Although stimulation mapping has been foundational for understanding some of the basic organization of the vSMC, it is still unclear how these results extrapolate to the actual control of speech articulation. For example, unlike the unnatural and simple movements of single articulators evoked by electrical stimulation, the production of meaningful speech sounds requires the precisely coordinated control of multiple articulators, and thus meaningful speech production has not been evoked by focal electrical stimulation (Breshears et al., 2015). Instead, neurophysiological studies have leveraged the variability in articulatory patterns associated with the production of a large number of consonant-vowel syllables to quantitatively assign a dominant articulator (lips, jaw, tongue, or larynx) representation to the cortical activity recorded at each electrode (Bouchard et al., 2013, 2016). Although articulator representations appear to be partially overlapping in both space and time, a detailed dorsal-to-ventral organization of articulator representations has been identified (Fig. 2C,D). This is largely concordant with the results from stimulation mapping; however, two separate representations related to voicing from the larynx, with one site located ventral to the tongue and the other dorsal to the lips, were also identified.
Collectively, these results have revealed that vSMC is more complex than previously appreciated. The distinction between sensory and motor representations is blurred, and individual articulator representations appear to be interdigitated and overlapping. There is a general somatotopic mapping, but there is tremendous variability across individuals and fractured organization. Currently, it is unclear whether vSMC neural activity represents movement kinematics (Bouchard et al., 2016), acoustic targets of vocal production, or alternatively more complex features, such as movement trajectories or gestures. More research is needed to better define the nature of vSMC-driven movement representations and dynamics.
The interplay between the vSMC and other cortical regions controlling speech production
Recent technological advances in invasive human brain mapping introduced such experimental modalities as simultaneous field mapping, electrical stimulation tract tracing, and reversible cortical perturbation, which provided further insights not only into the organization of vSMC but also into the neural mechanisms underpinning the interplay between key brain regions involved in the control of speech production.

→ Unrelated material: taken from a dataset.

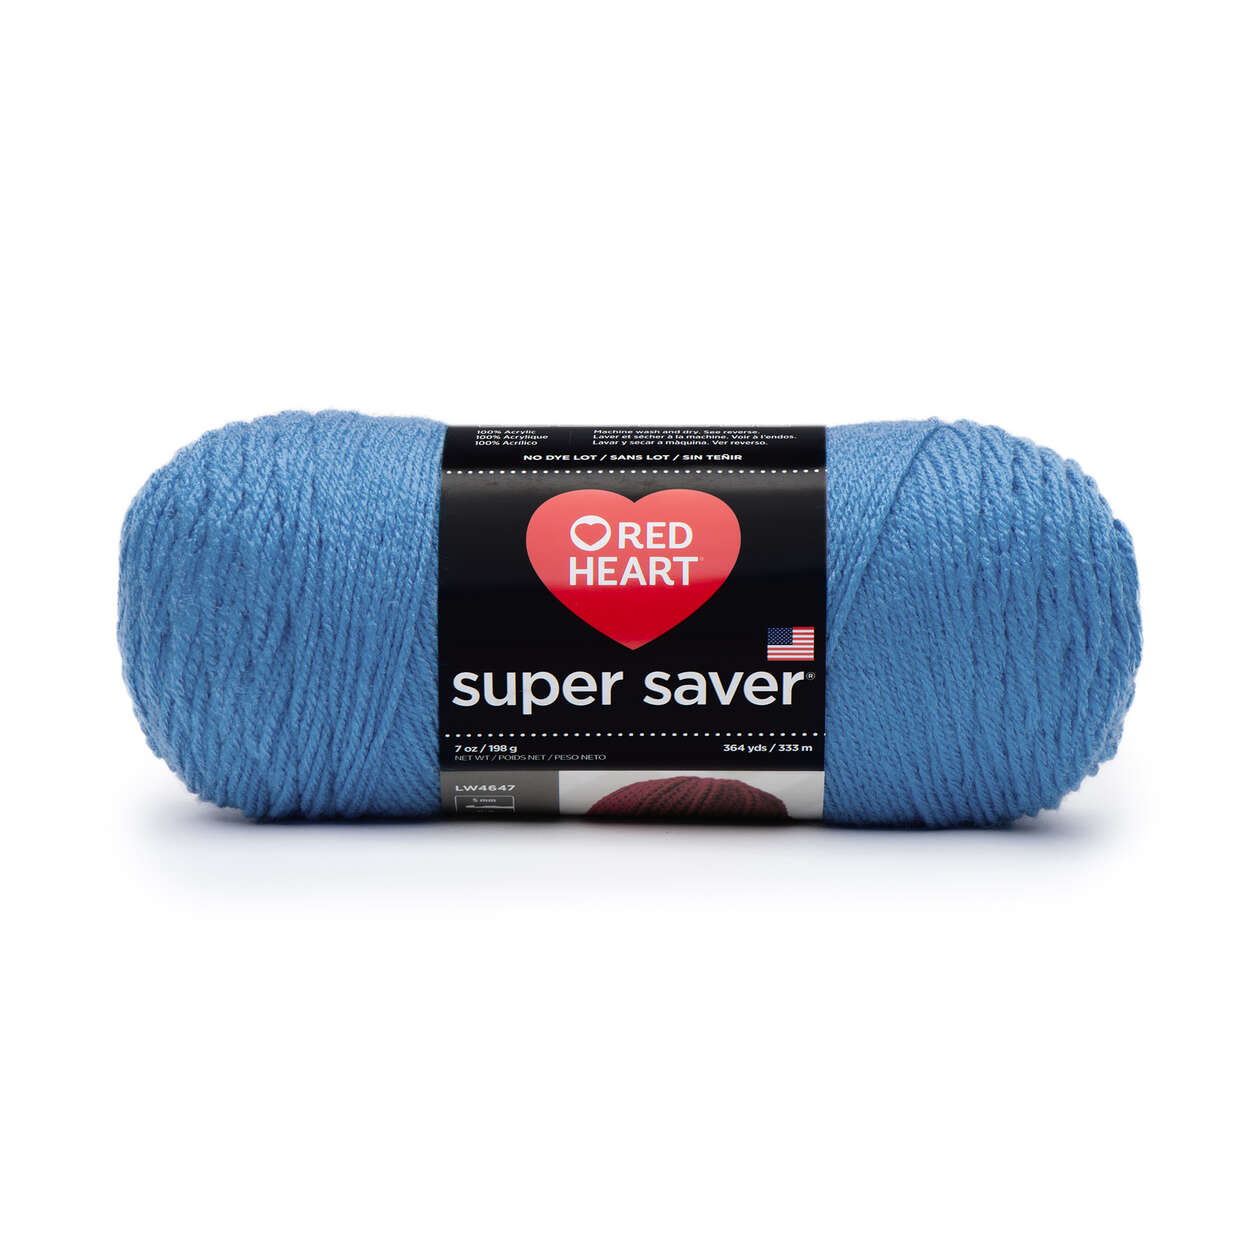 Red Heart Super Saver Yarn Delft Blue

One of the important aspects of speaking is the audio-motor interactions and integration. “Auditory error cells” are hypothesized to reside in the posterior superior temporal gyrus (STG) (Guenther and Hickok, 2015), whereas human primary auditory cortex is located in the posteromedial Heschl's gyrus (HG). Leveraging the spatial extent of ECoG multielectrode arrays, a recent study has identified two distinct neural responses during speech production in HG: a frequency following response (FFR) and high-gamma (70–150 Hz) response to voice fundamental frequency (F0) (Behroozmand et al., 2016). The FFR was observed in both hemispheres and was modulated by speech production, with greater FFR amplitude during speaking compared with playback (Fig. 3Aa). Similar FFRs to voice F0 have not been seen in posterolateral STG (Flinker et al., 2010; Greenlee et al., 2011), suggesting different roles for vocal monitoring and error correction between primary and nonprimary auditory cortices. Conversely, high-gamma responses on HG to voice F0 did not show any modulation (Fig. 3Ab). Of note, the lack of high-gamma modulation on HG was also different from responses recorded from posterolateral STG (Flinker et al., 2010; Greenlee et al., 2011).
Differences in voice frequency following response (Aa) and high-gamma response (Ab) between primary auditory cortical areas on posteromedial HG compared with nonprimary areas on anterolateral HG. Data from Behroozmand et al. (2016). B, Changes in speech timing (yellow) versus quality (blue) resulting from focal brain cooling of the IFG and vSMC. Data from Long et al. (2016). C, Average coherence between auditory areas on lateral STG and dorsal premotor cortex (a, c) and IFG (b, d). Data from Kingyon et al. (2015).
Another important regional contributor to the motor control of speech production is the inferior frontal gyrus (IFG). In a large cohort of neurosurgical patients, a recent study focally and reversibly perturbed brain function with brain surface cooling during awake craniotomy to detail the differential roles of the IFG (specifically, the Broca's area) and vSMC during speech production (Long et al., 2016). Perturbation of left IFG function resulted in alterations of speech timing, most commonly observed as speech slowing, whereas perturbation of the right IFG did not alter speech timing (Fig. 3B). Conversely, disruption of left vSMC function produced degradation in speech quality without changes in timing. Given the very focal nature of cortical perturbation in surface cooling, this study provided direct evidence for a specific role of Broca's area in the timing of speech sequences.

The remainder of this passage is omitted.